Friday, July 13, 2007

Tim Taylor Would Have Cleaned Up

Trivia league drama: due to a laptop crash, The Powers That Be have lost the first two weeks' worth of scores. I remember our score from week one, I think I know our score from week two, but we finished way behind those weeks, whereas we've won the two weeks since. What to do, what to do....
Anywho, we did finish in first again this week, by a single point. It would have been more, but someone (i.e., me) overruled the four other people at the table who were "pretty sure" they knew how many stars were in the Little Dipper, thus costing us a 5-point question.
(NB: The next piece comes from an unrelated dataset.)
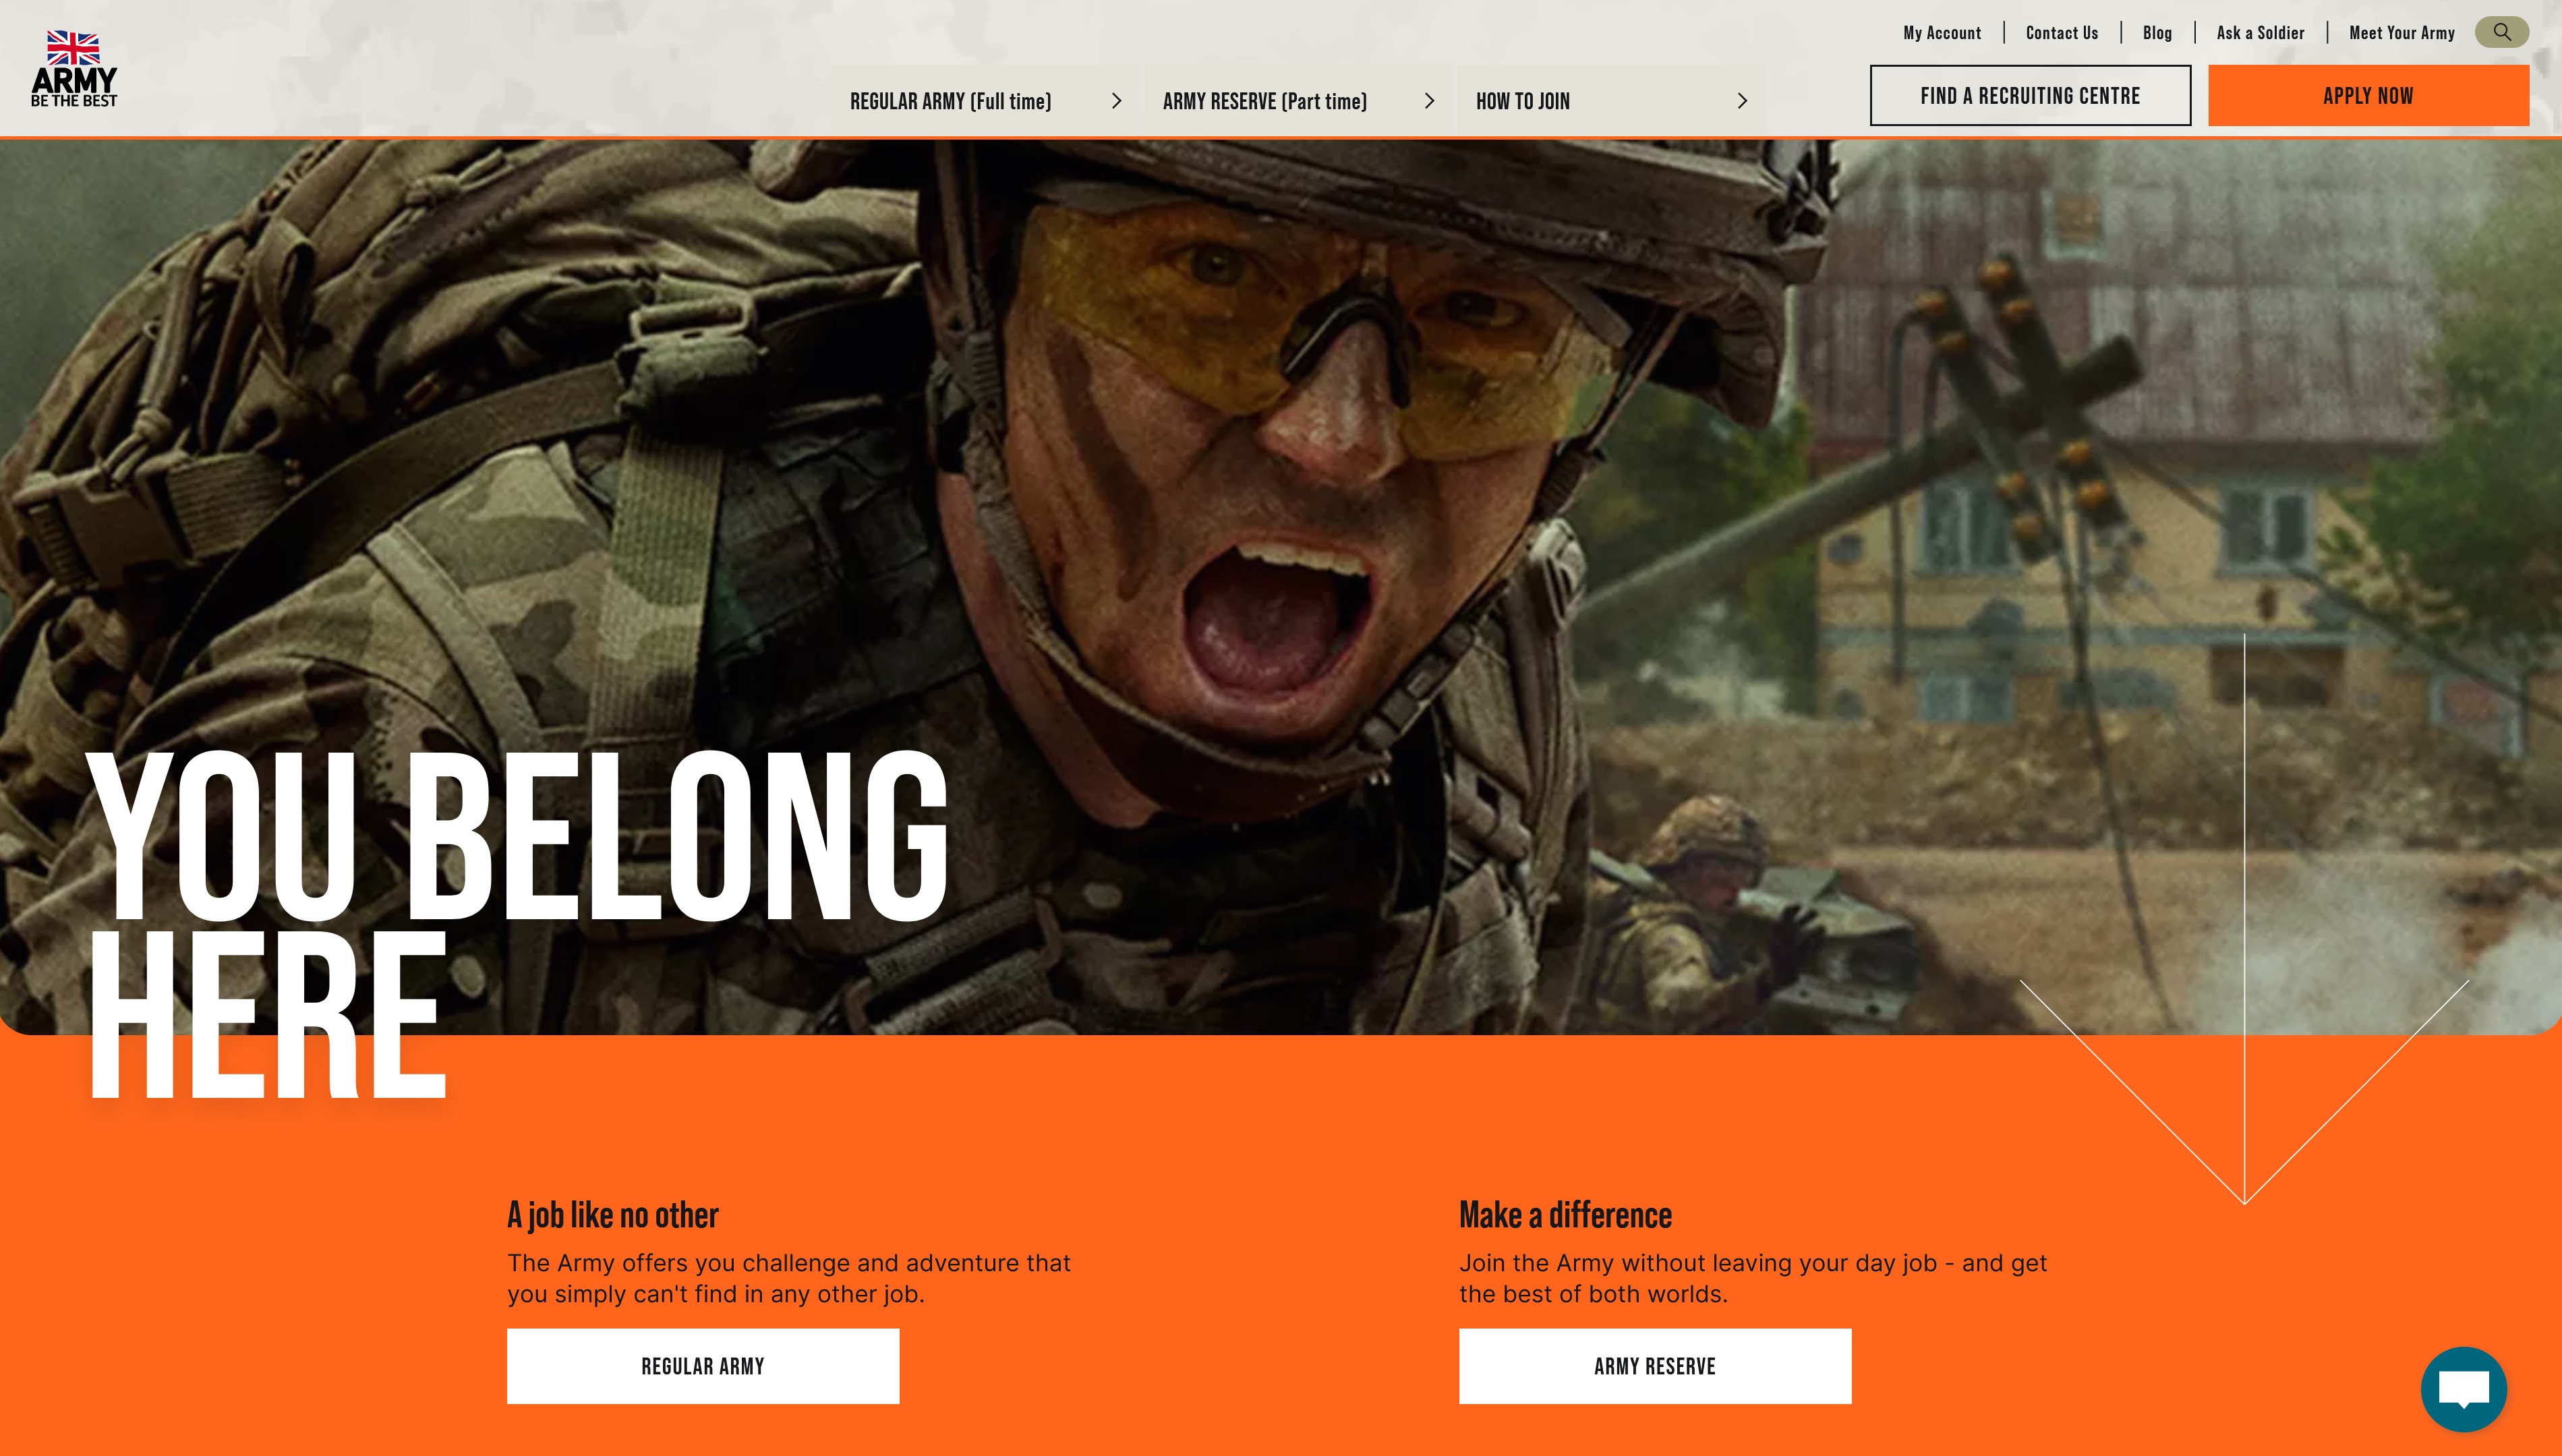 Kopfzeile der Website „Jobs and Recruitment“ der britischen Armee – Bild eines Soldaten und die Worte

Of course, if the first two questions of each of the first three rounds hadn't been "guess the number"-type questions, this wouldn't have occurred. Having thought about it for a week or so, those questions bother me a lot more than what I consider overly specific questions;. After all, in a team of 4-6 people of a certain age, someone is bound to have seen Gone In 60 Seconds; how many people are going to be able to guess the first year that Chevrolet made the Corvette?
Our misses, plus two lucky guesses, and the final, which fits into the puzzle content that I am so woefully behind on:

1. What was the first Japanese car produced in the United States?
2. How many glasses (8 oz.) of milk does the average cow produce in her lifetime?
3. How many stars make up the Little Dipper?
4. What was the maximum horsepower of the original Porsche 911, which was produced in 1964?
5. In what year was the first Corvette produced?
Final:
What is the next number in this sequence:
2, 10, 30, 68, 130, 222, ???

3 comments:

Leo said...

The average dairy cow? Or is this some kind of trick question. Are beef cattle counted in that average?

Leo said...

Um, also, things don't look real good over in the running diary...

J. Bowman said...

Yes, the average dairy cow. And yes, the running diary isn't looking good. I'll start again on Monday, I swear it.

1. Honda Accord (we got the make, missed the model)
2. 200,000
3. Six. Not seven. Oops.
4. 130 hp
5. 1953
6. The nth number in the sequence is n^3 + n:
1^3 + 1 = 2
2^3 + 2 = 10
...
6^3 + 6 = 222
and the next number is 7^3 + 7 = 350.